The question of whether dogs express the enzyme chitinase and whether activity is increased by chitin supplementation should be addressed by examining chitinase activity. Schon Lundblad et al. (1974) demonstrated chitinase activity in the serum of goat, cow, chicken, sheep and pig. No chitinase could be detected in the serum of human, monkey, horse, cat, dog, rabbit, hamster or guinea pig. This chitinase plays a role in the defense against chitin-containing bacteria, among other things (Suzuki et al., 2002). Chitinolytic enzymes in the digestive tract may be produced by the animal itself, derived from the feed, or synthesized by the microbiota (Simunek et al., 2001). In a study by Koh and Iwamae (2013), the activity of chitinase and N-acetyl-β-D-glucosaminidase enzymes present in the mucosa of the glandular stomach and in the different sections of the small intestine was tested after feeding a chitin-containing diet and a control diet. Enzyme levels did not increase with the chitin-rich diet.

The aim of this study was to find out whether dogs produce the enzyme chitinase in the gastrointestinal tract and whether the enzyme is increased by chitin-containing feed. Chitinase activities of 0.12 units were measured in the feces of the control group. The results thus provide evidence that chitinase activity occurs in the digestive tract of dogs, but that this activity is not increased by chitin-containing food, since similar activity was also measured in the experimental group. Thus, there was no promotion of bacterial chitinase activity by the chitin-containing experimental diet.

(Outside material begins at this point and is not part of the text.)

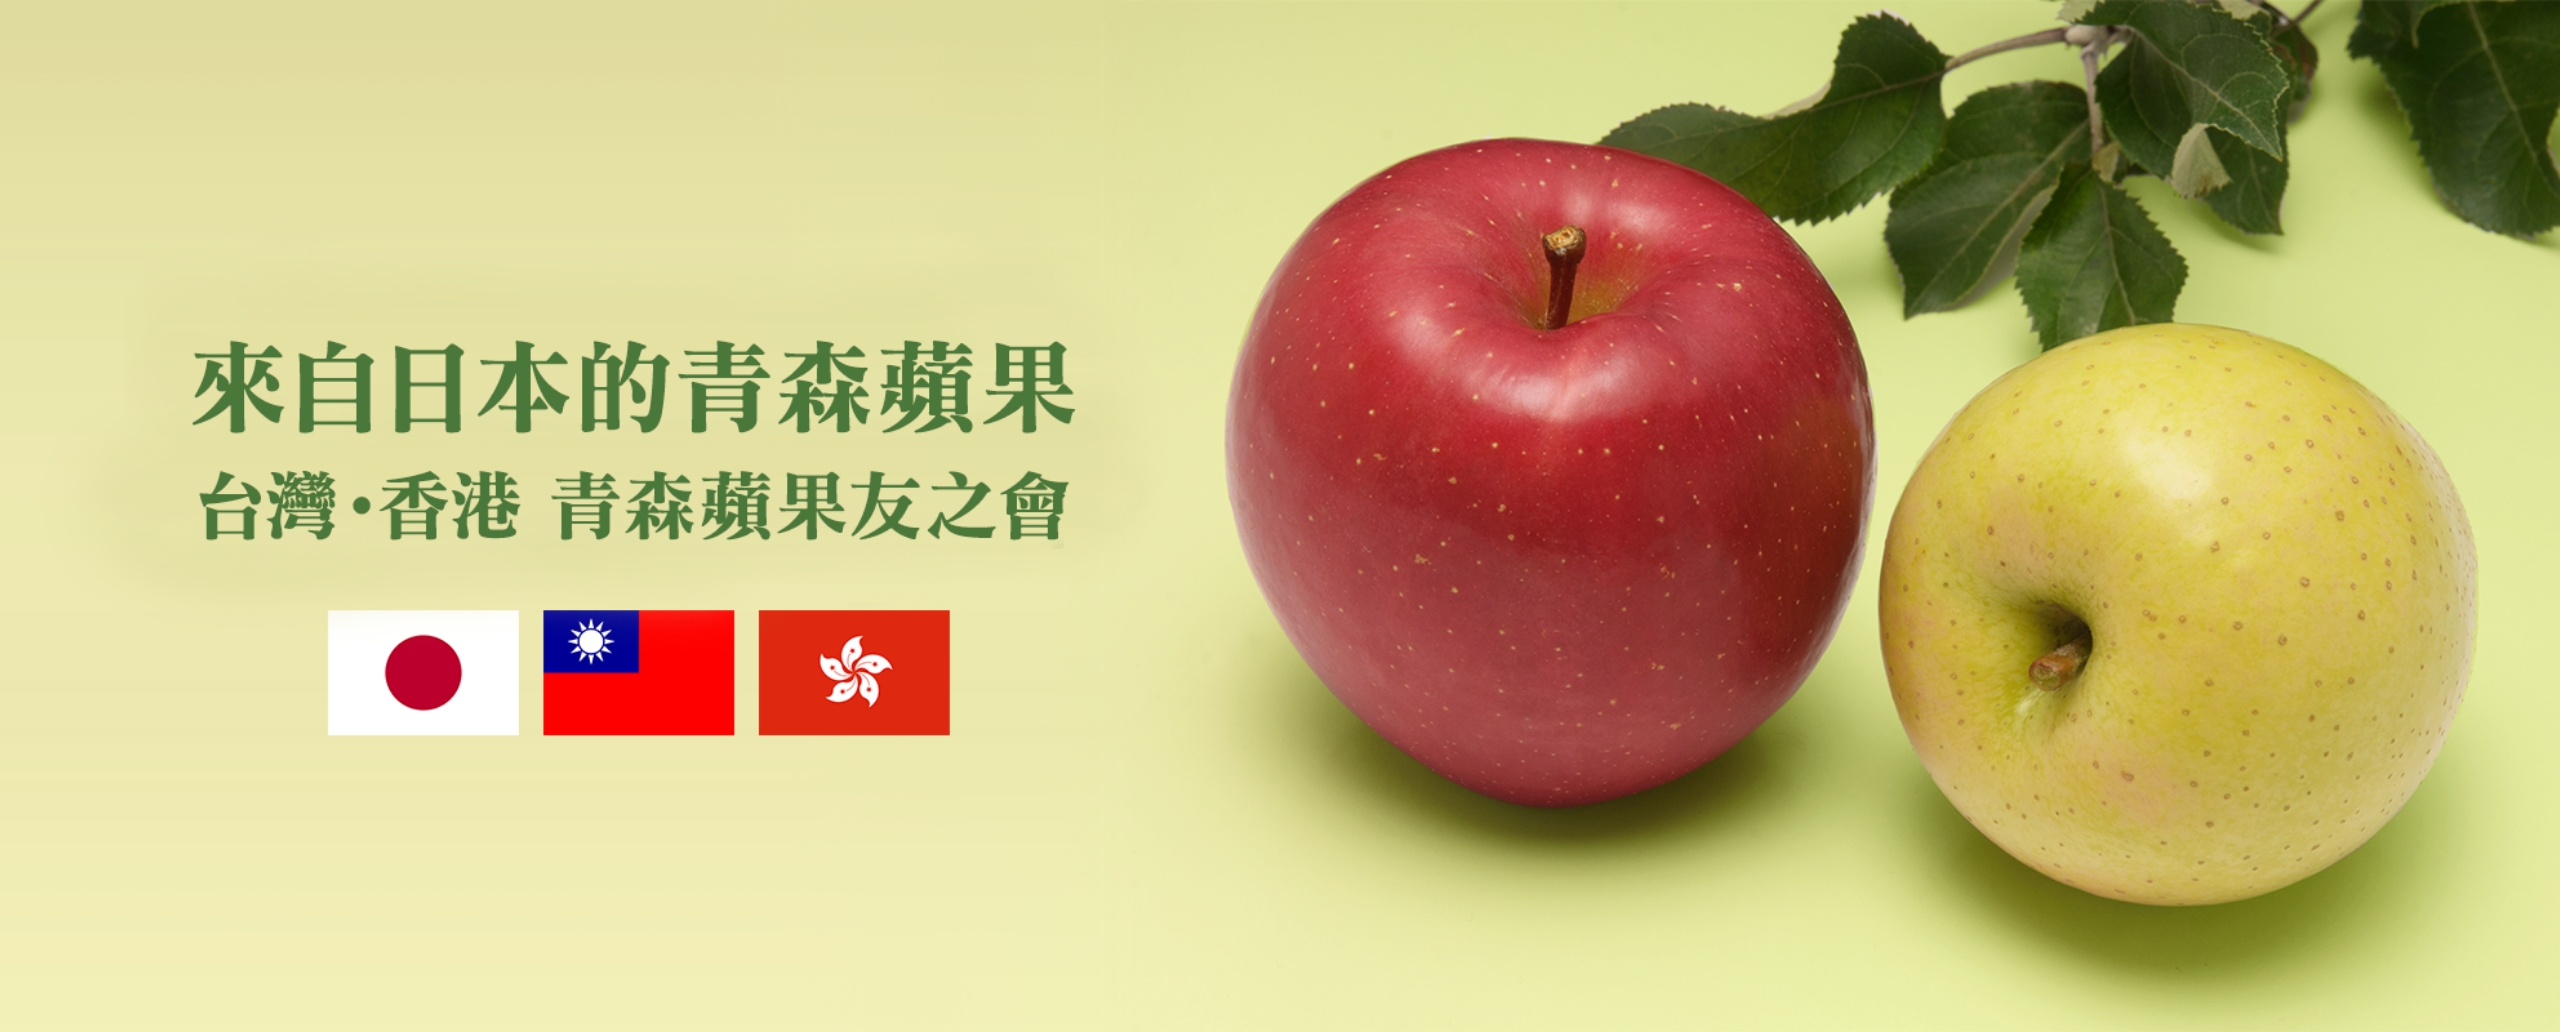 台灣‧香港 青森蘋果之友協會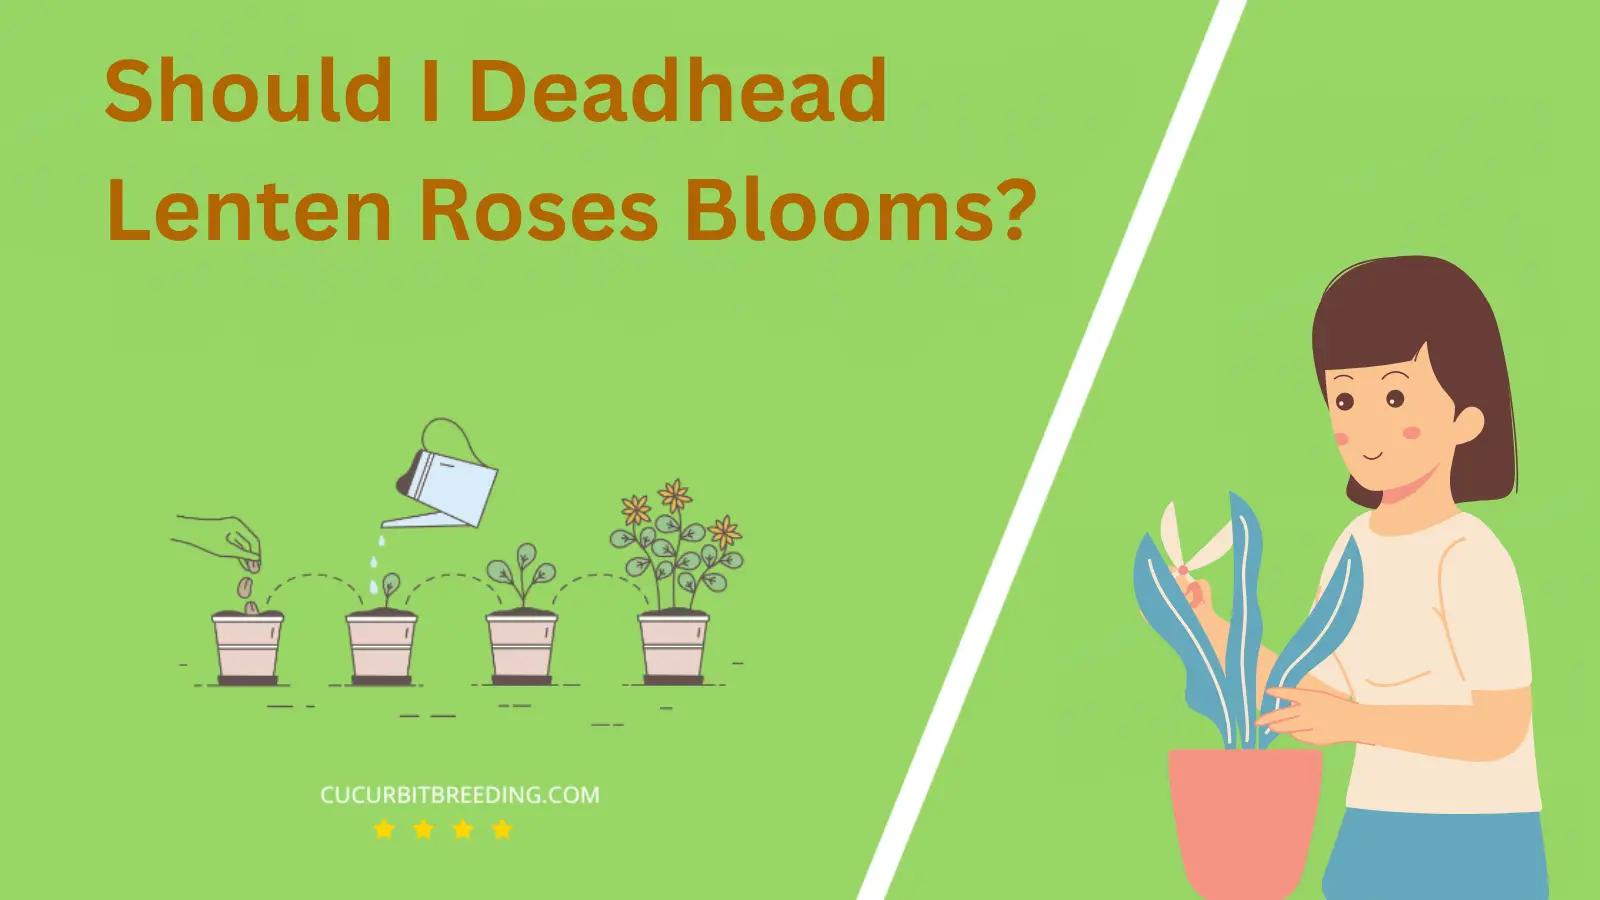 Should I Deadhead Lenten Roses Blooms?

Further studies might clarify whether a chitinase is constitutively present in the gastrointestinal tract in dogs. In addition, because chitinase was determined in the feces of the dogs, it is also possible that the actual amount of chitinase was no longer detectable in the feces if possible chitinase production occurred in the stomach or small intestine and the enzyme would possibly be degraded during colonic passage.

Conclusion

The results demonstrated similar apparent digestibility of crude nutrients compared to a commercial complete feed with lamb as the main protein source.

The results available show no evidence of incompatibility, so that the use of the larval meal studied as a protein component in the diet of dogs is possible.

Neither immunological nor hematological differences between the two feeding groups could be detected. Examination of the concentrations of microbial metabolites in the fecal samples revealed higher concentrations of short-chain fatty acids and ammonium in the feces of the dogs after ingestion of the control diet. As expected, more chitin was detected in the experimental diet than in the control diet. This did not affect the chitinase activity in the feces.

Within the scope of this study, no negative effects could be determined in the feeding trial by the experimental feed with Hermetia illucens larvae meal in dogs, so that a good tolerance can be assumed within the investigated dosage range.